Wednesday, April 10, 2024

In Dog Years


In Dog Years

The biotech company Loyal announced that it had moved closer to bringing to market a drug that improves the life expectancy of dogs. “The data you provided are sufficient to show that there is a reasonable expectation of effectiveness,” an official at the U.S. Food and Drug Administration informed the company in a recent letter. (Loyal provided a copy of the letter to The Times.)

The drug is a long way from approval and the F.D.A. must still review the company’s safety and manufacturing data. But conditional approval, which Loyal hopes to receive in 2026, would allow the company to begin marketing the drug for canine life extension, even before a large clinical trial is complete.

More are in the pipeline. A team of academic researchers is currently conducting a canine clinical trial of rapamycin, which has been shown to extend the lives of lab mice.

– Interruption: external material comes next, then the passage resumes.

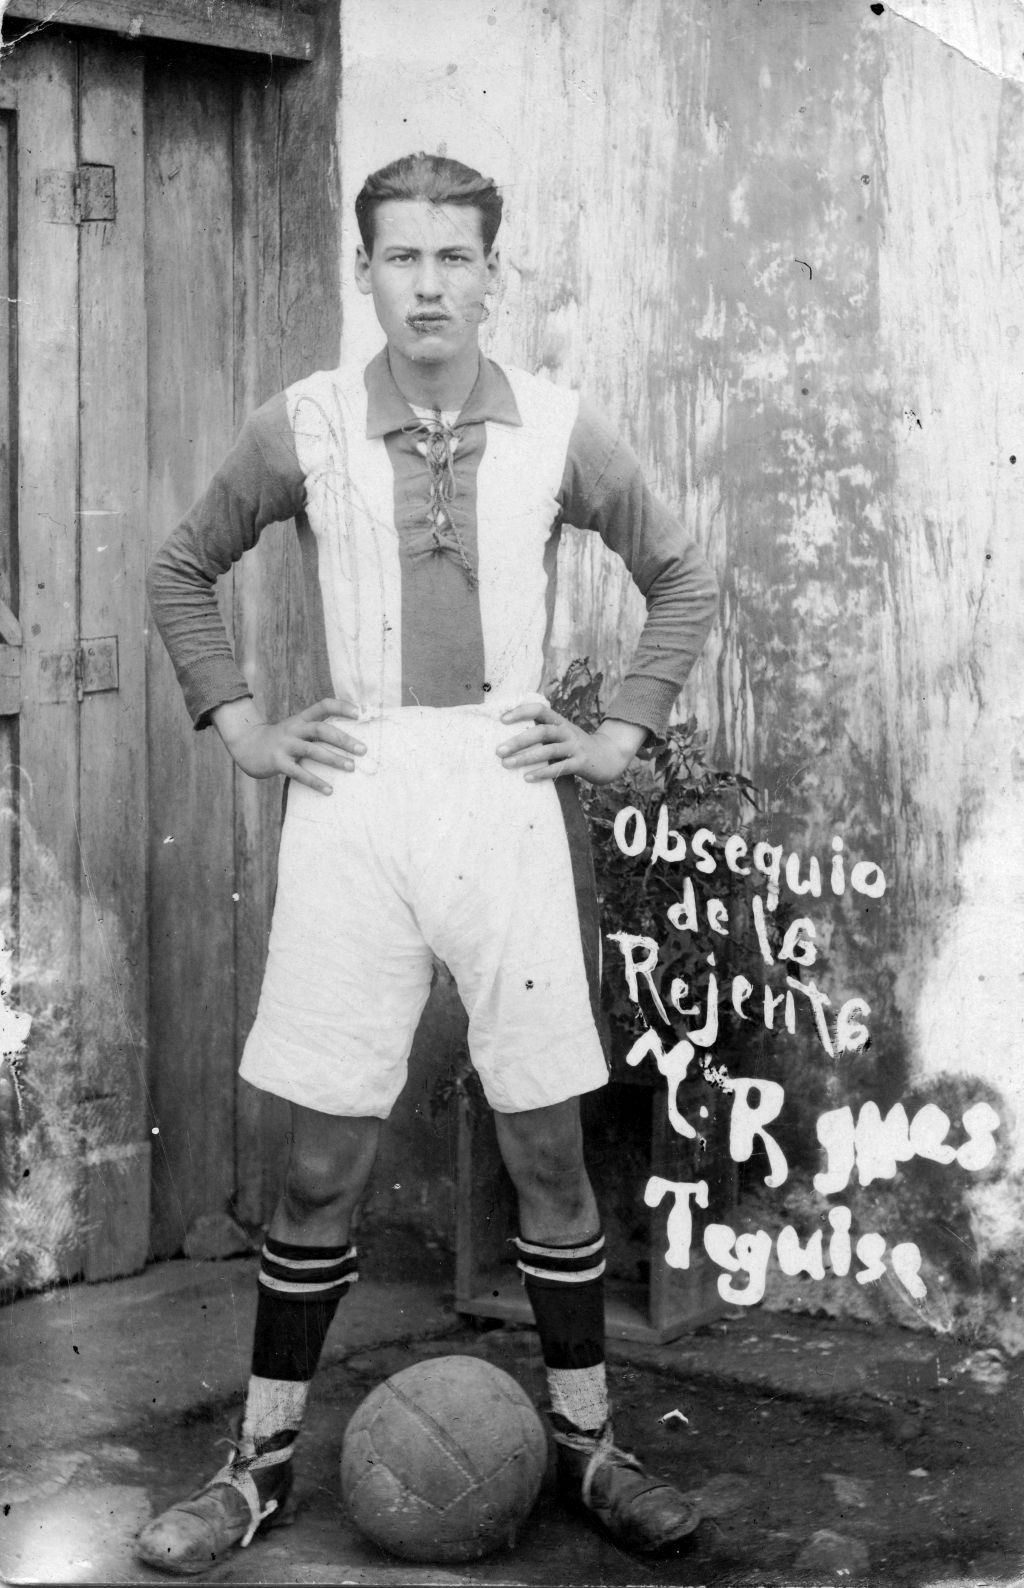 Futbolista de Teguise

And Loyal is recruiting dogs for a clinical trial of another drug candidate, dubbed LOY-002.

Importantly, the cellular activity of these early drugs is known and so will attract further analysis and refinement. That is to say, the research will be more targeted and will get better.

Longevity studies, by definition, take a long time and, while dogs match well with human studies, they have a much shorter life span, which exaggerates the time requirements. And subjective evaluation is very inaccurate.

But these studies are coming. Metformin has shown evidence it improves survival rates in healthy controls. Then, of course, the quality of life question will arise, as will the therapeutic possibilities.